Daniel A D et al. designed a context-aware system to assist health care providers in home-based caring environments. A reliable NFC authentication scheme was used, which creates a secure channel by encoding sensitive contextual data during data transmissions. Using a context-aware gateway node, this system performs authentications and authorization for accessing a specific patient's data. The proposed solution aimed to improve health care data access and safe data delivery while protecting users' privacy. This research provided a foundation for physicians to develop different smart treatment alternatives, as well as for home-based care [10]. Deeba K and RA. K. Saravanaguru proposed a Smart Home Caregivers System (SHCS) capable of collecting real-time patient's heart rate, oxygen leakage in, abnormal and normal patient's condition observed through MQ6 sensor. The data sensed was transmitted to the base station, where it was controlled by caregivers via PC or mobile device. This method was carried out by either wired or remote users using REST web services [11].
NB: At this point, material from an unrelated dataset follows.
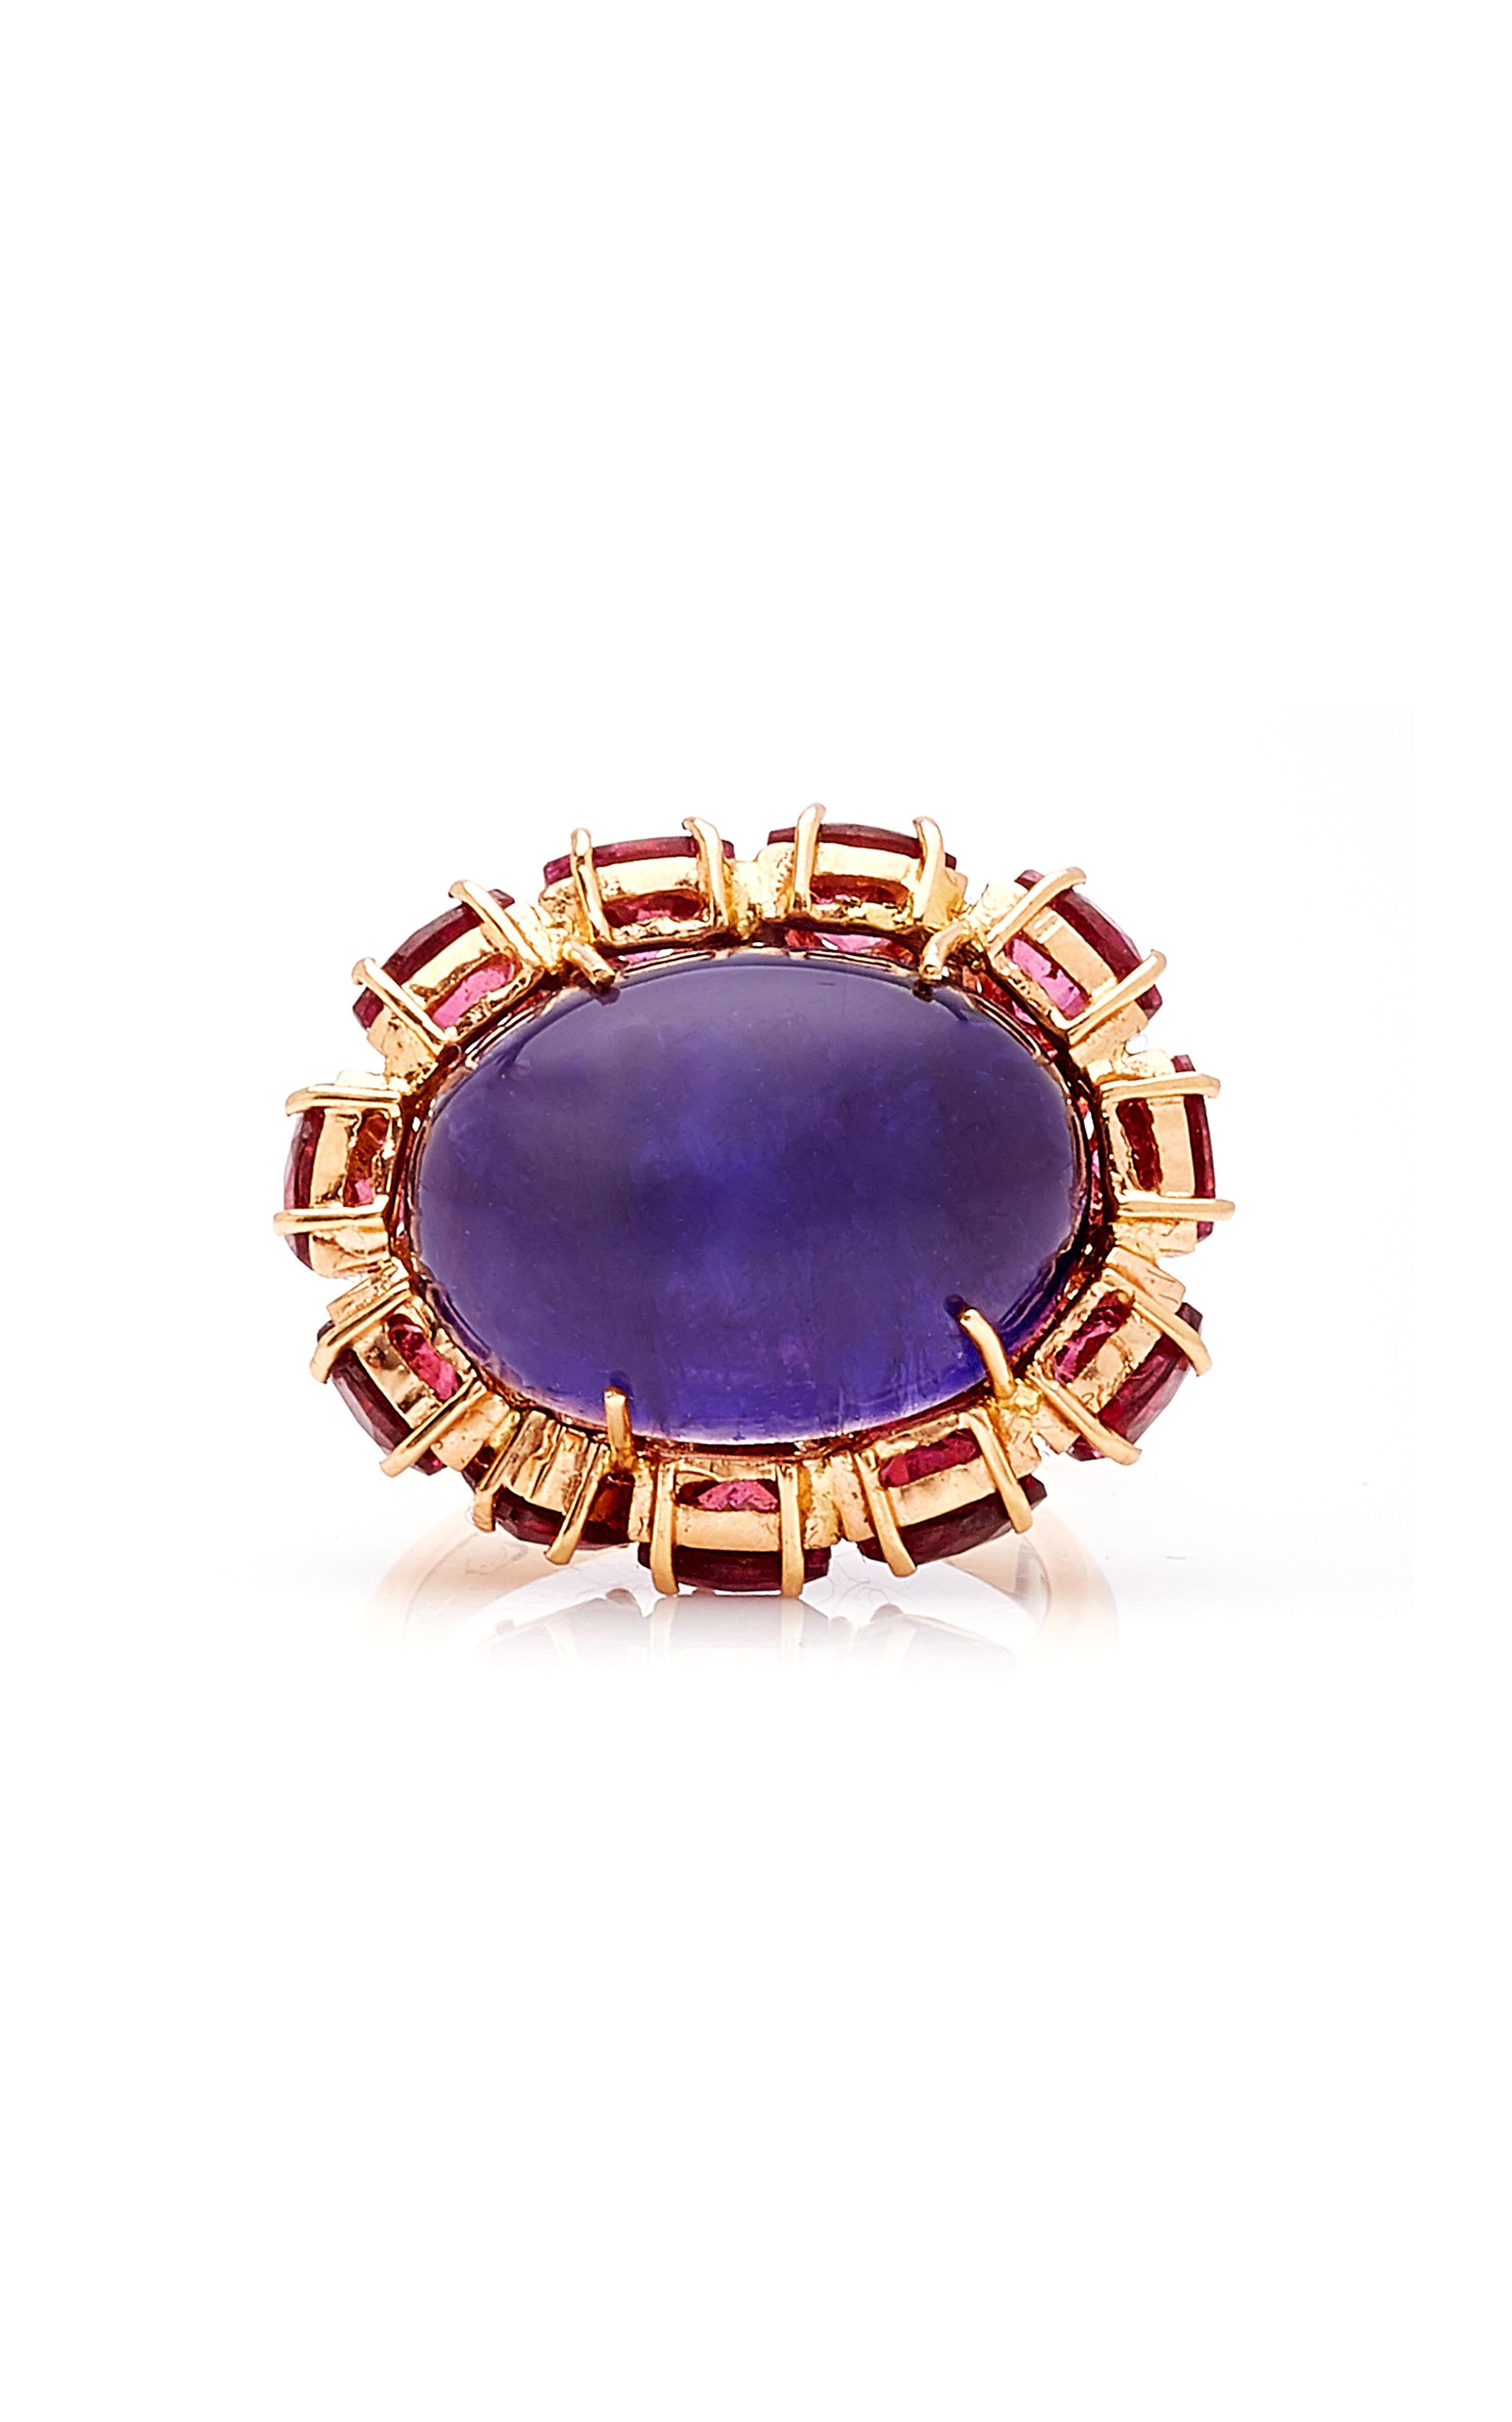 Violett-blaue und fuchsiafarbene Farbtöne .... Dieser bezaubernde Ring zeigt einen großen indigoblauen Iolith-Cabochon, der aus einem Bett aus glitzerndem magentafarbenem Rhodolith im Billionenschliff hervorragt.

18k Rose Gold, Iolith und

Based on Fuzzy Logic, Byung-K L et al. presented context-aware health care model for disease reasoning. It was made up of two modules: Fuzzy-based disease reasoning model (FDRM) and the Fuzzy-based context aware model (FCAM). The FCAM calculated the correlations coefficients and supports among the conditional attributes and the decision attributes and produced fuzzy rule based solely on the conditional attributes with the highest correlation coefficients and supports. Based on the results performed with a SIPINA mining method, the average accuracy of Fuzzy Rules dependent on correlations coefficients and supports (FRCS) and enhanced C4.5 was 0.84 and 0.81, respectively. That was, as correlated to the enhanced C4.5, the FRCS reduced the rules produced while improving accuracy of rules [12].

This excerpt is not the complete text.